I am not a writer. So don’t expect much from this little post. I had a few thoughts on my mind that I wanted to record, and this felt like the best way to do it.
Okay, I’ll just say it: I have had a perfect little life. I grew up in a peaceful Christian home. My parents are still together. My family (siblings, spouses, grandkids…dogs) all get along really well (ok, there were some fights, but we love being around each other). I am the baby of the family. Everyone knows the baby gets spoiled. Especially when the baby is a girl… with FIVE brothers. I went to a private school. Did ballet, performed, and got lead roles. My best friends are like sisters, and my sisters are like best friends. I got married to a man I’ve known longer than I haven’t. He adores me. I live in a cute little apartment in my parent’s backyard where we are able to save up for our future.

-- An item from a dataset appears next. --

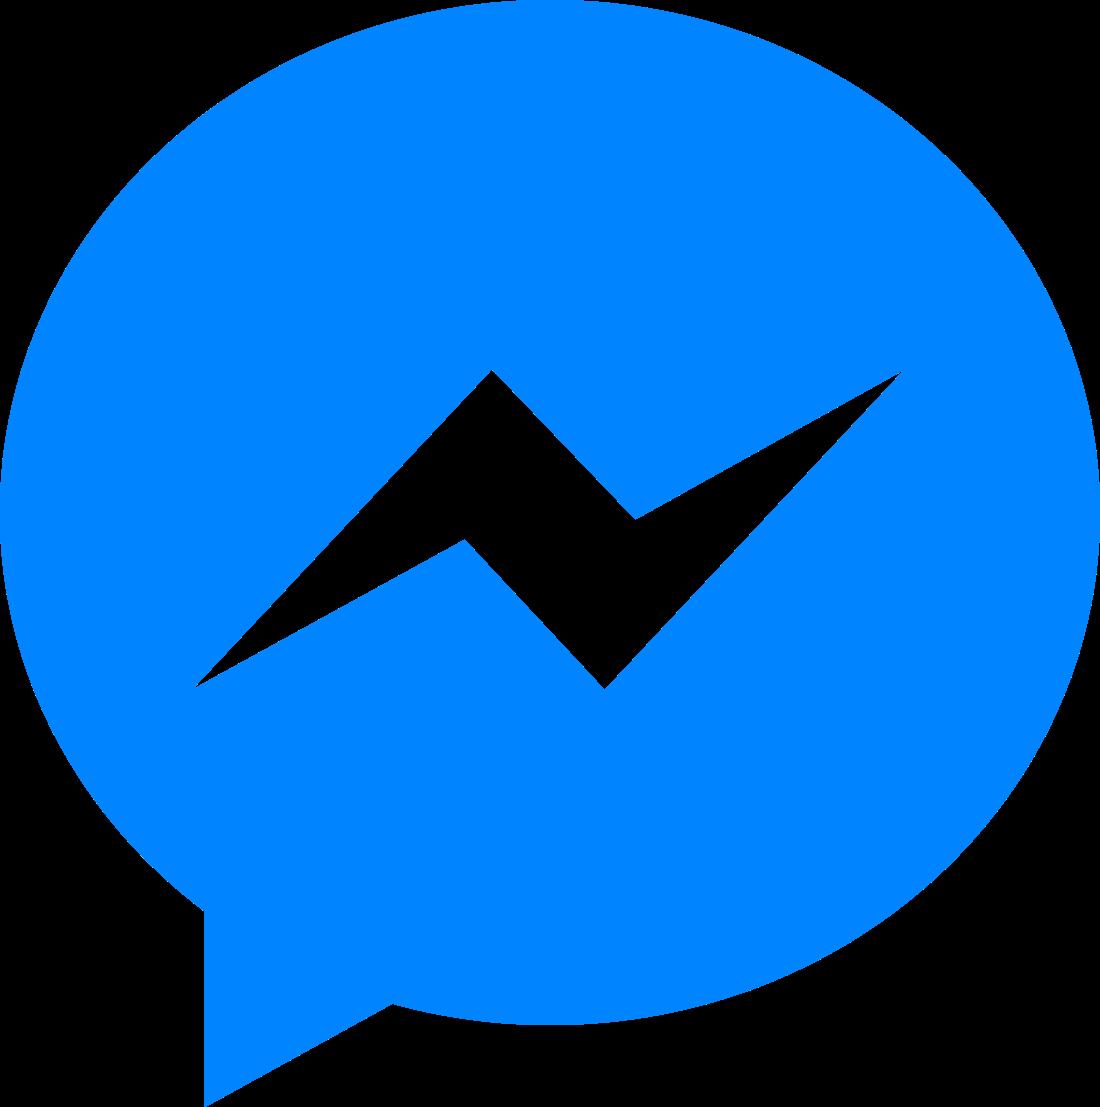 facebook-messenger-icone-3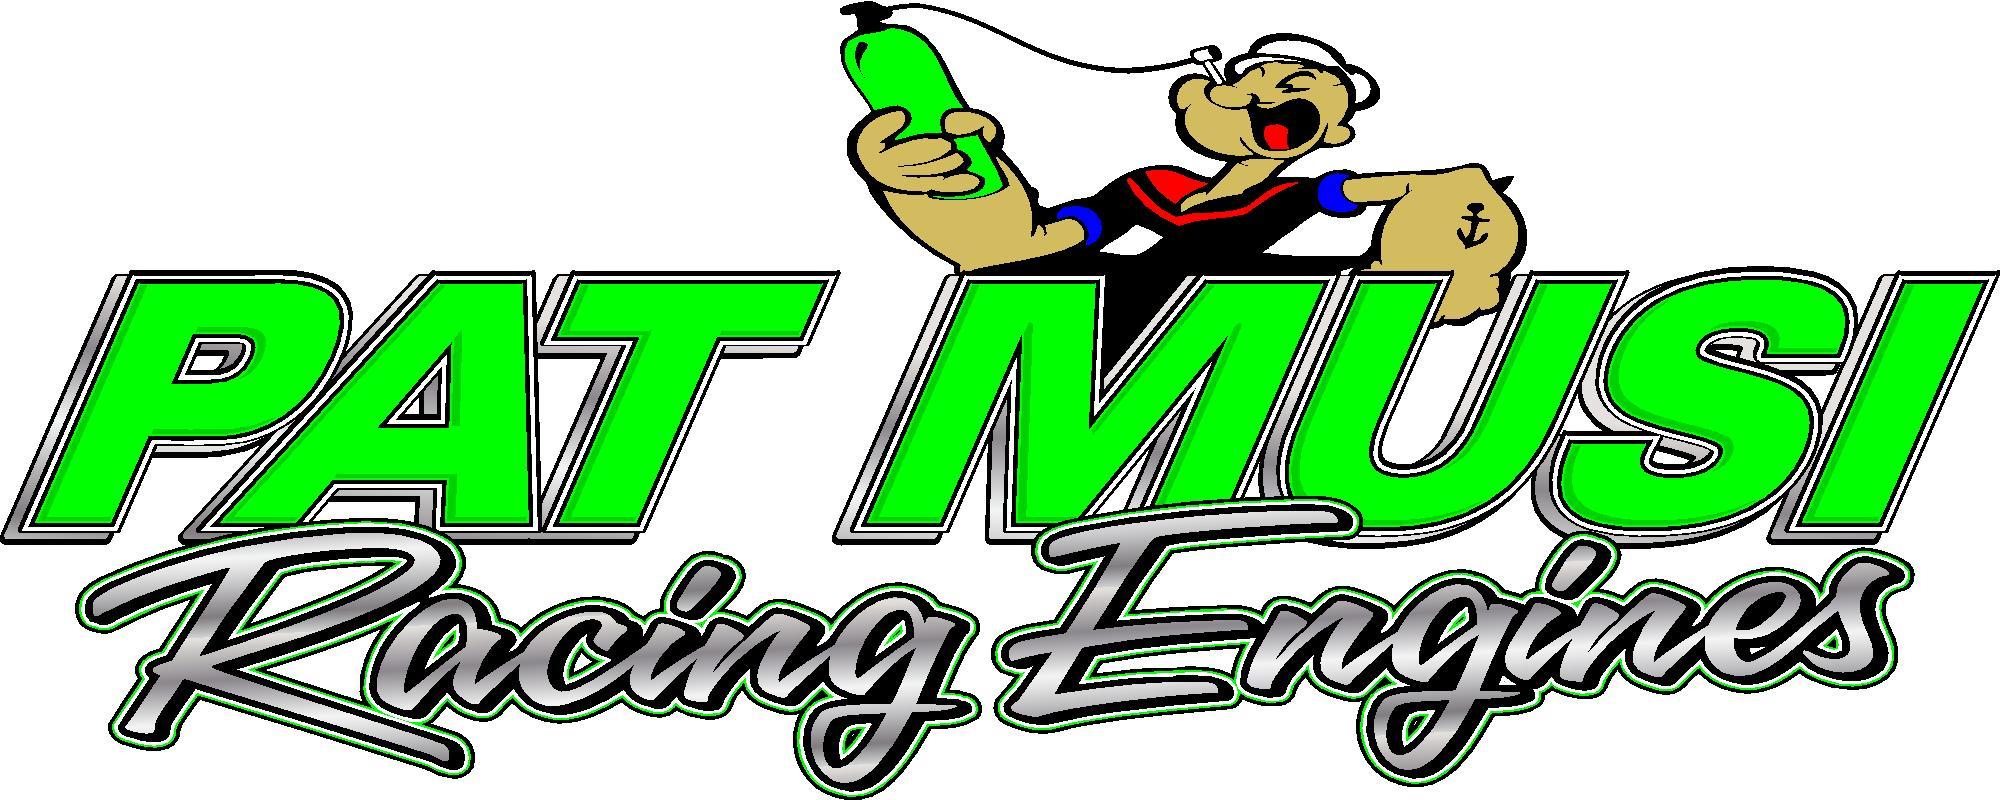 Pat musi racing engines sticker

I have a perfect little family I nanny for. We love each other and couldn’t get along more easily. Oh, and my best friend lives with her husband on my parents’ property too. We grocery shop together, and our husbands get along well. My biggest trial in my life was breaking up with a boyfriend, or getting in a fight with a friend or my husband. I had felt pain and suffered to an extent, but I knew it wasn’t much compared to the suffering I’ve seen experienced by those close to me. I have never lost anyone I am close to.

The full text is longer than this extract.